Materials and Methods

Programming language, platform and availability

TEAM was written in Java 1.4. For storing data in our facility, we chose to use the open source MySQL database. Java and MySQL allow TEAM and its database to run on a variety of operating systems, such as Windows, Linux and Mac OS X. TEAM, along with its source code, can be downloaded free of charge at http://humgen.med.uu.nl/~lude/team. Instructions for its use and an explanation of how it works are also available.

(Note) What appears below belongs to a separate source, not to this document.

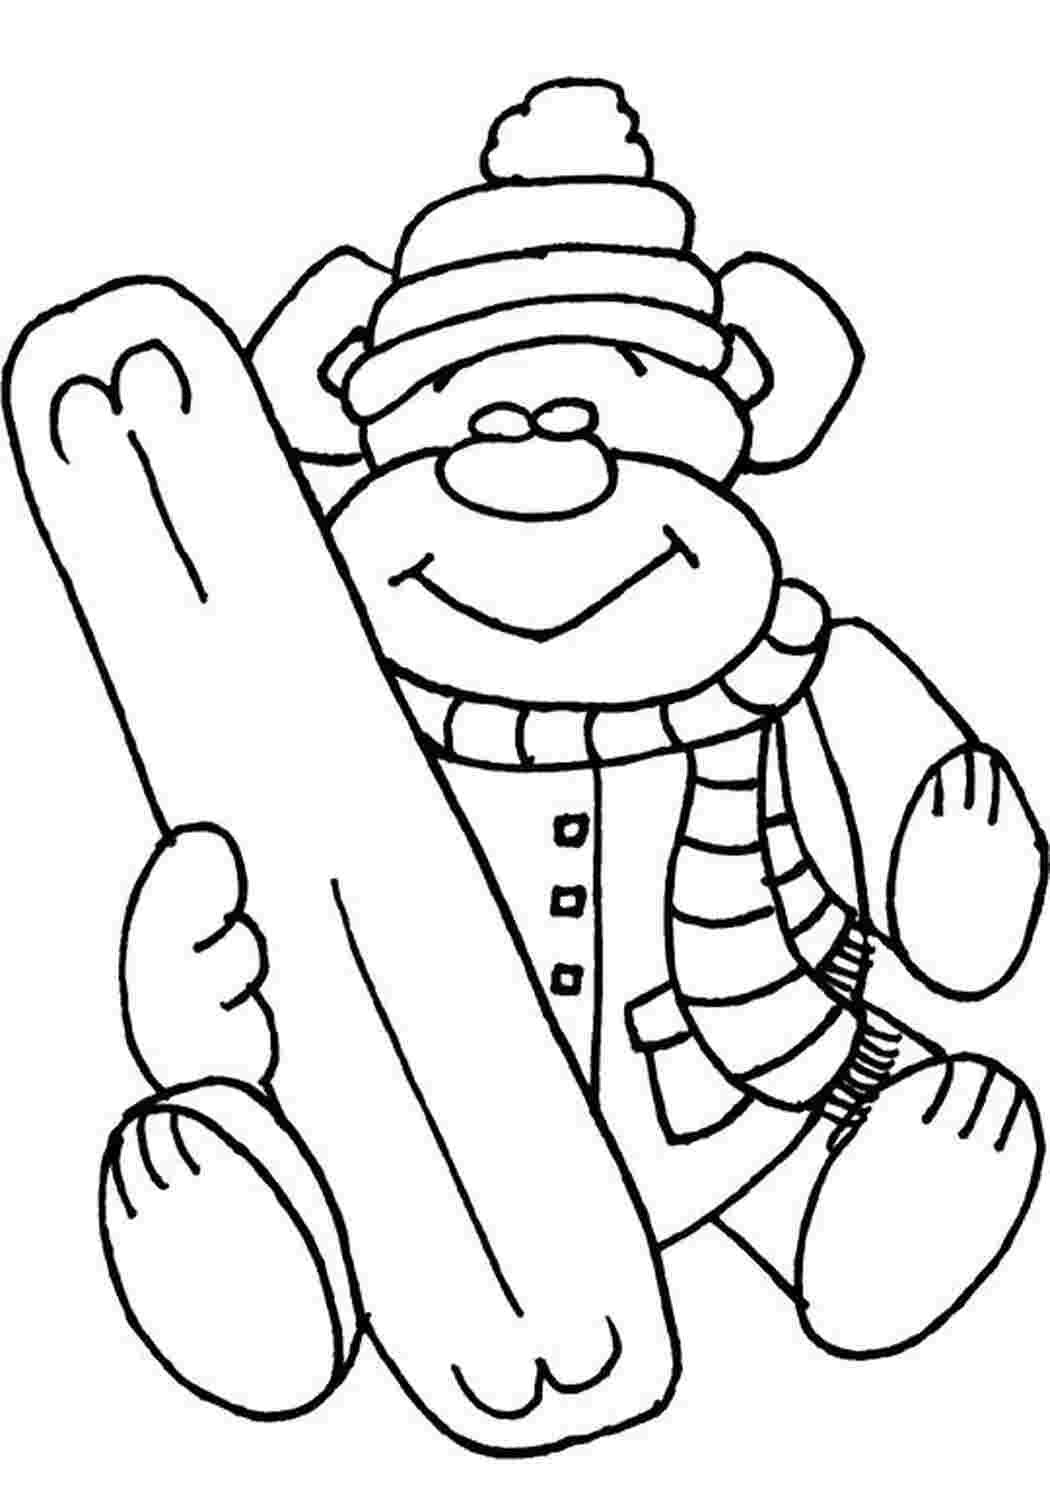 Раскраски картинки на рабочий стол онлайн Плюшевый мишка в шапочке со сноубордом Раскраски для мальчиков бесплатно

Microarray origin, mapping of cDNAs and analysis of gene expression differences

We used microarrays from the University Health Network of Toronto, Ontario, Canada.7 Slide sets containing 19 200 genes printed in duplicate on two glass slides were used for the experiments. We used BLAST v2.2.517 on the NCBI assembly (release 31) to identify the location of all the nonredundant 18 110 cDNAs present on the arrays with an expectation cutoff of 10−10. When a sequence yielded multiple blast hits using this cutoff, the location with the lowest expectation value was considered to be the correct one. A total of 17 903 of the 18 110 (=99%) genes could be mapped on the genome. We tested whether genes showed significant differences in gene expression between various biopsies from different patient groups using GeneSpring v5.0 from Silicon Genetics (Silicon Genetics, Redwood City, Ca, USA).7

Physical mapping and representation of genetic markers and linkage graphs

Physical mapping of genetic markers and cDNAs was based upon the 12.31 release of Ensembl, which relies upon the NCBI 31 assembly. As Ensembl incorporates the physical location of genetic markers and genetic locations according to Decode (http://www.decodegenetics.com) and Marshfield/Genethon (http://research.marshfieldclinic.org/genetics) this enabled us to create genetic to physical conversion maps for all the chromosomes. No inconsistencies were observed when using Decode's map, compared to some inconsistencies that were found when using the Marshfield/Genethon map, as observed earlier.18

To allow for the analysis of genetic linkage graphs in a physical context, a conversion map between genetic (in cM) and physical (in bp) locations was constructed, based upon the physical location of all markers that have a known Decode genetic location. We obtained the physical and genetic marker locations from Ensembl (http://www.ensembl.org). In order to develop a continuous map, we used linear interpolation when required, that is, whenever we had to convert between the physical and genetic locations at a location not exactly at a marker, we used the two flanking markers with known genetic and physical locations to interpolate linearly for a conversion between the physical and genetic locations. Prior to the availability of markers within Ensembl we mapped the markers by electronic PCR.19 Our results agreed with the current Ensembl release.

To ensure that data within TEAM are based upon the most current NCBI/Ensembl assembly and database, we have implemented database updating functionality within TEAM. When the Ensembl database has been updated, users can remap all data that rely upon the Ensembl database, within TEAM automatically. When a new assembly release becomes available, users should download this assembly. Subsequently within TEAM all data that rely upon sequence alignment can be remapped automatically as well.